The whole listing below needs to be duplicated exactly, pictures aside.

··· Dataset content

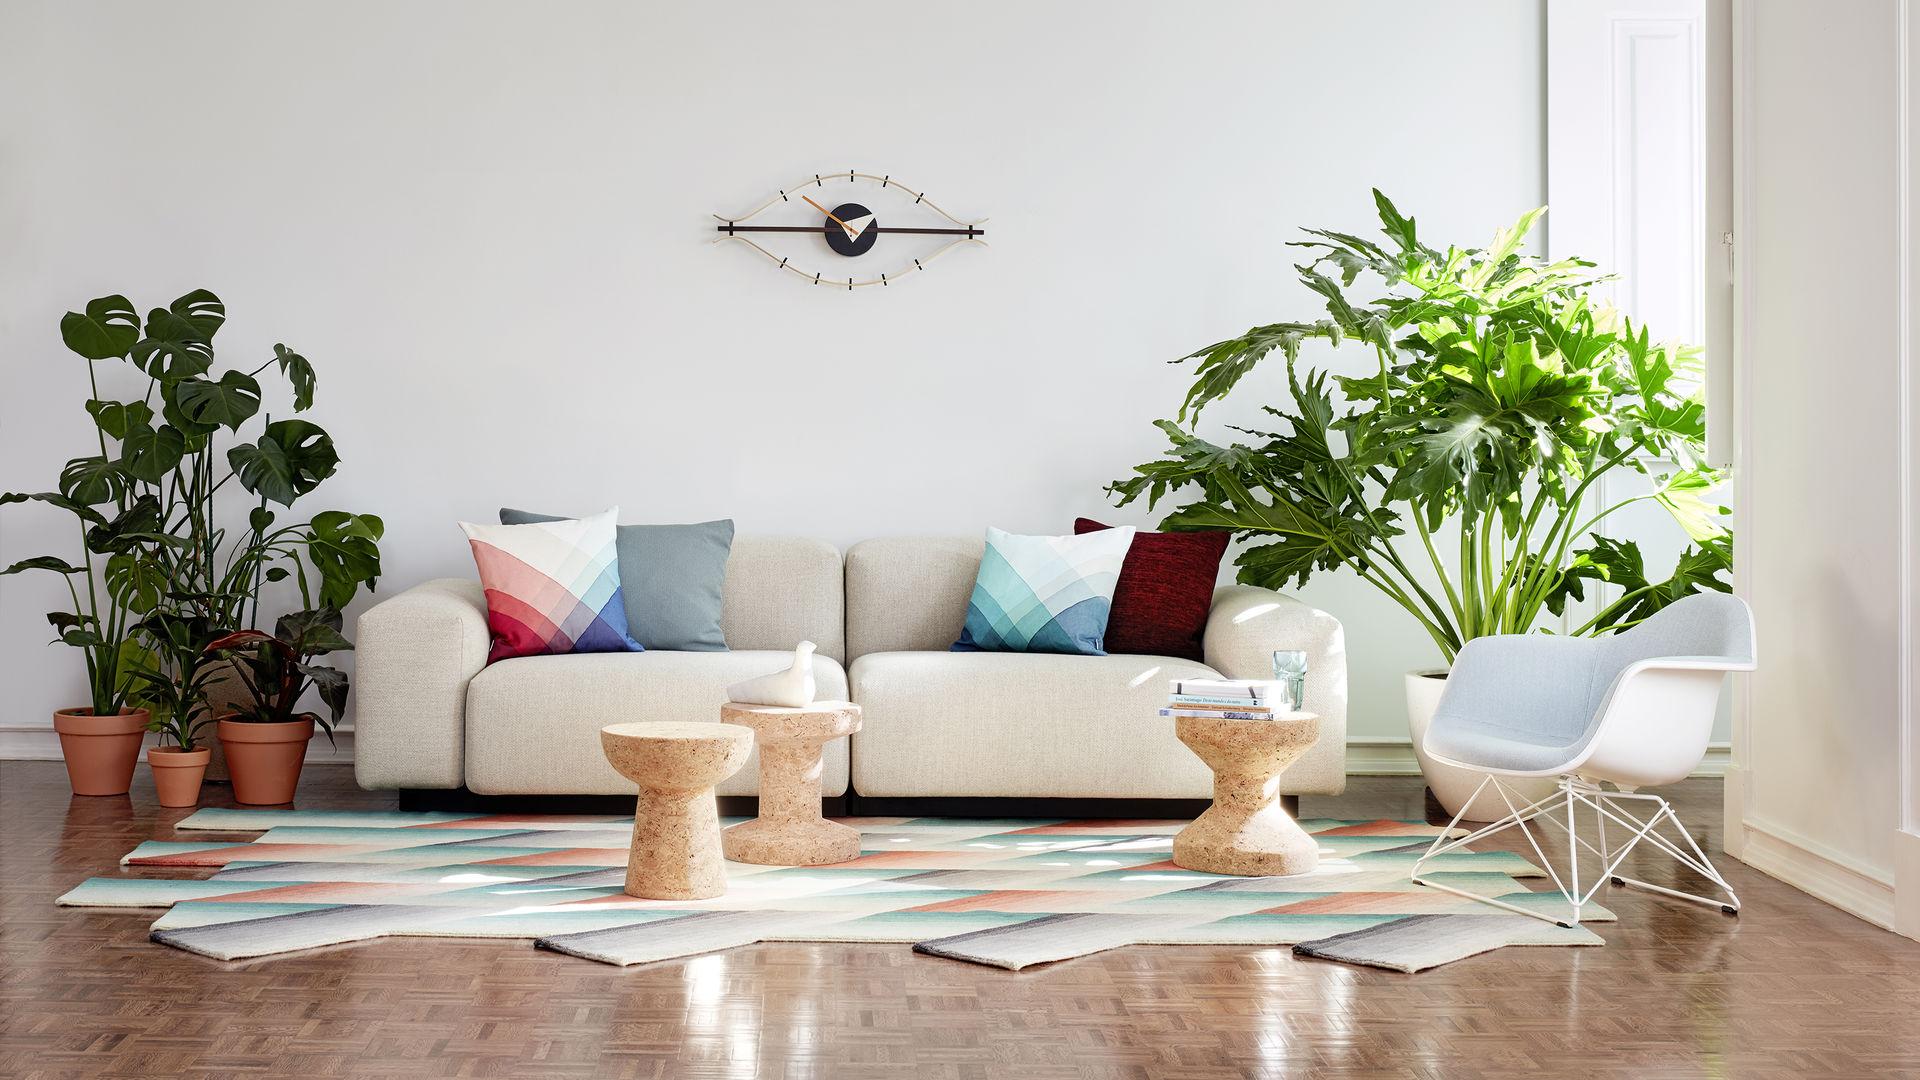 Soft Modular Sofa Eames Plastic Armchair LAR Eye Clock Herringbone Pillows L'oiseau marble Cork stools_web_16-9
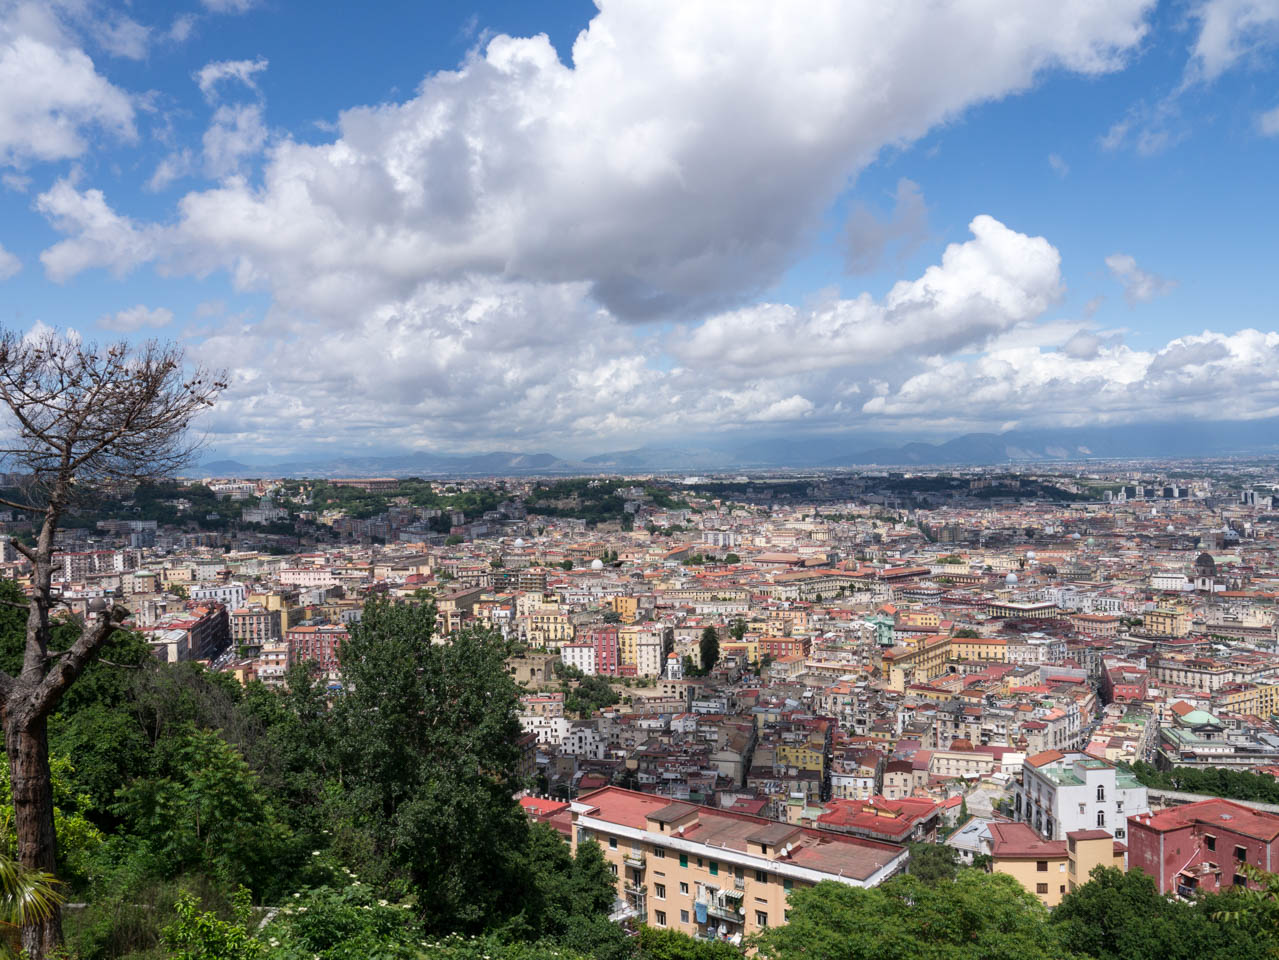 Neapels Häusermeer (1 von 1)
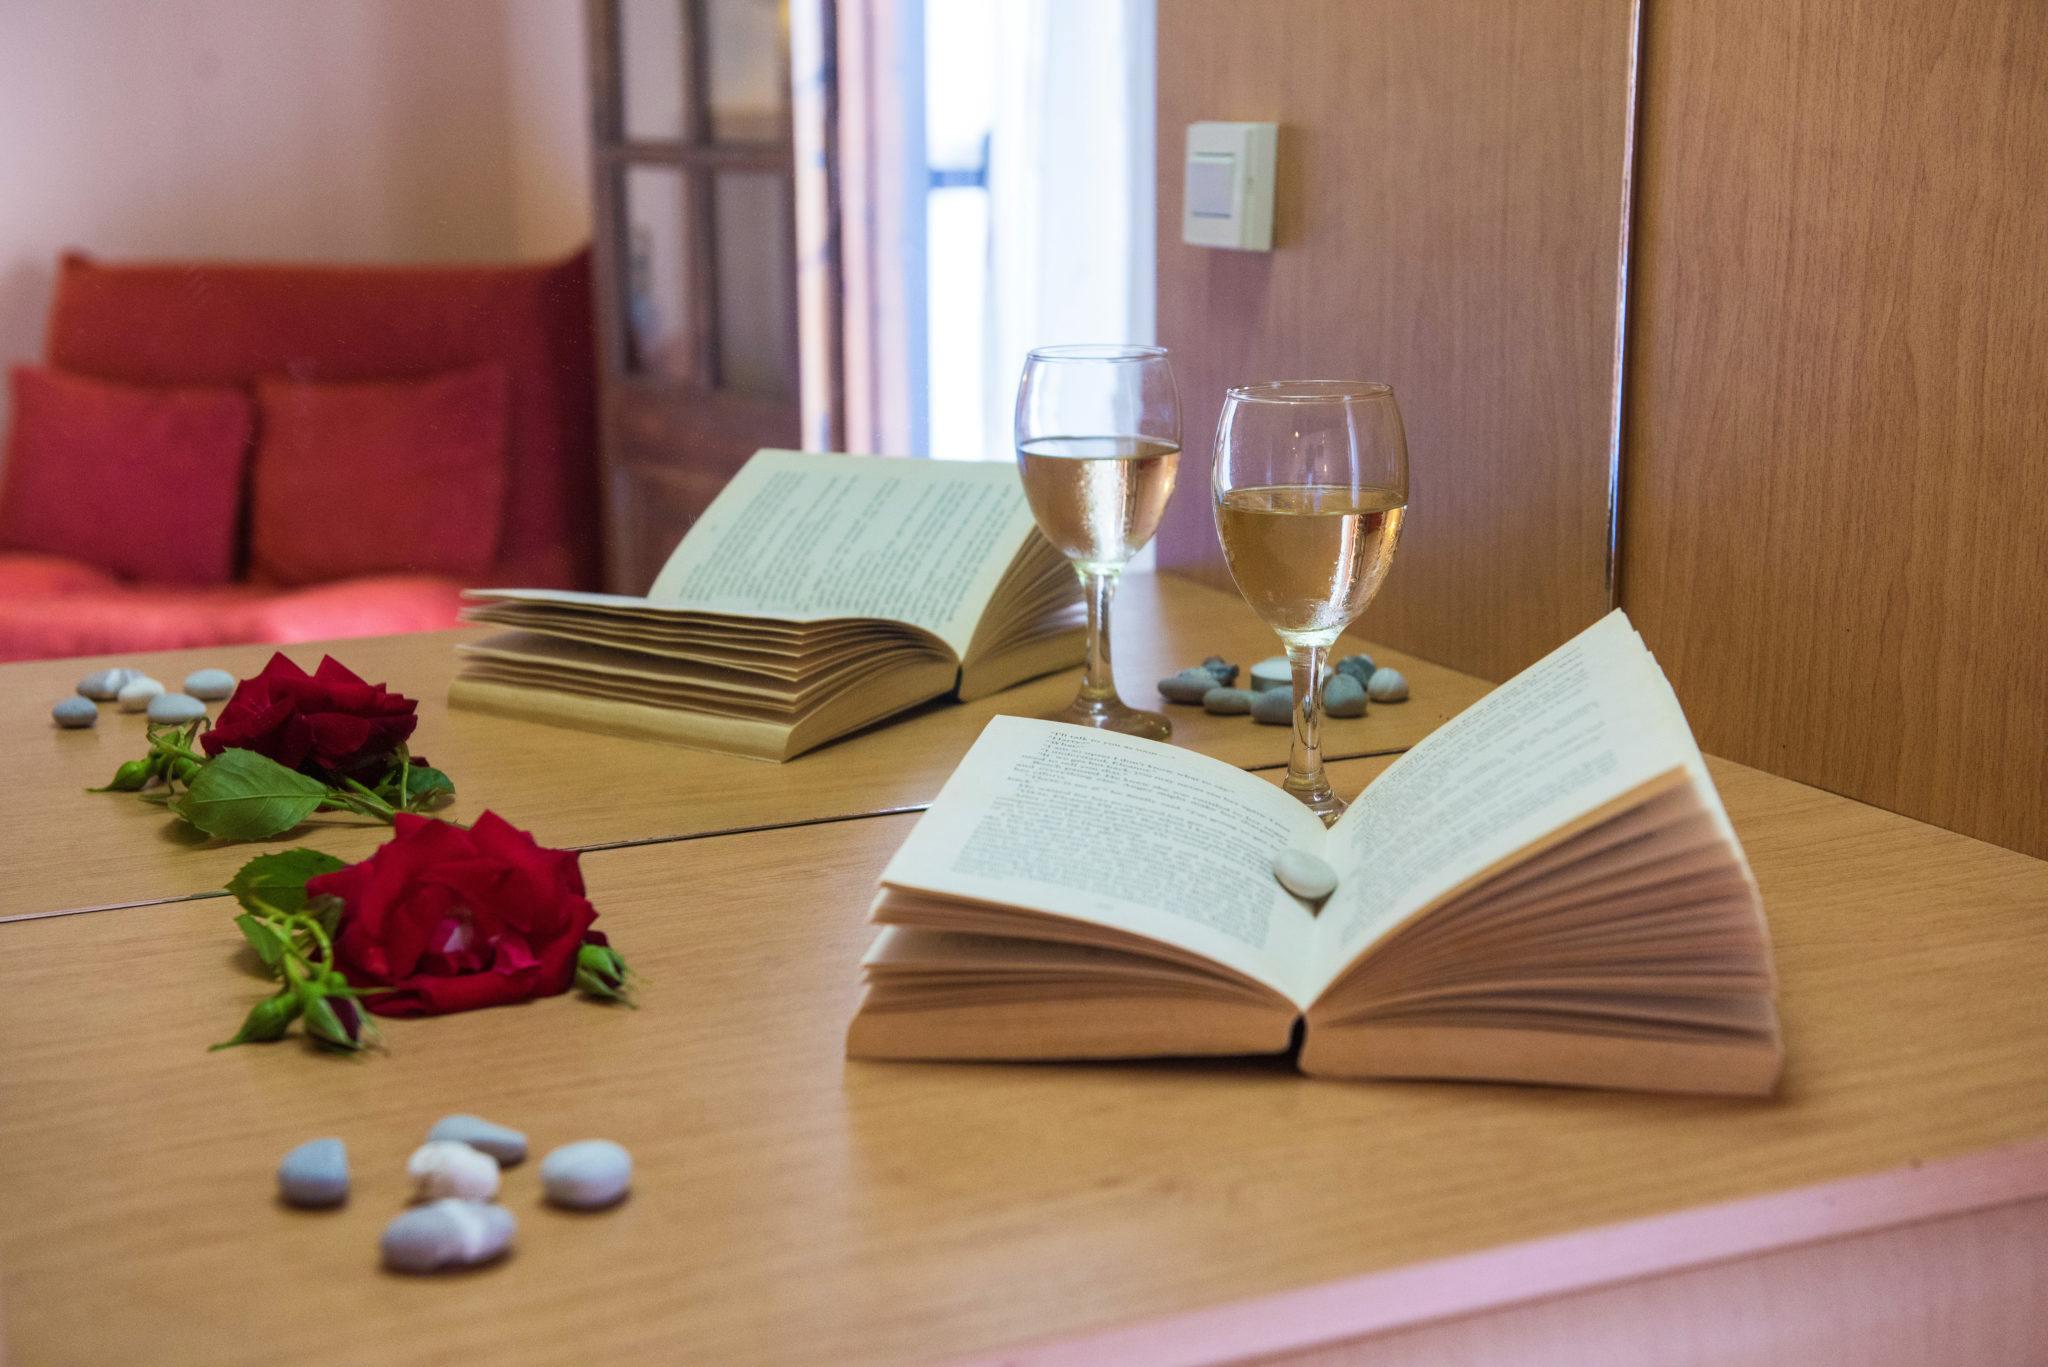 dominoes standart poolside triple room - cheap accommodation ipsos corfu

······

■ Solution for this exercise ■
 Soft Modular Sofa Eames Plastic Armchair LAR Eye Clock Herringbone Pillows L'oiseau marble Cork stools_web_16-9
 Neapels Häusermeer (1 von 1)
 dominoes standart poolside triple room - cheap accommodation ipsos corfu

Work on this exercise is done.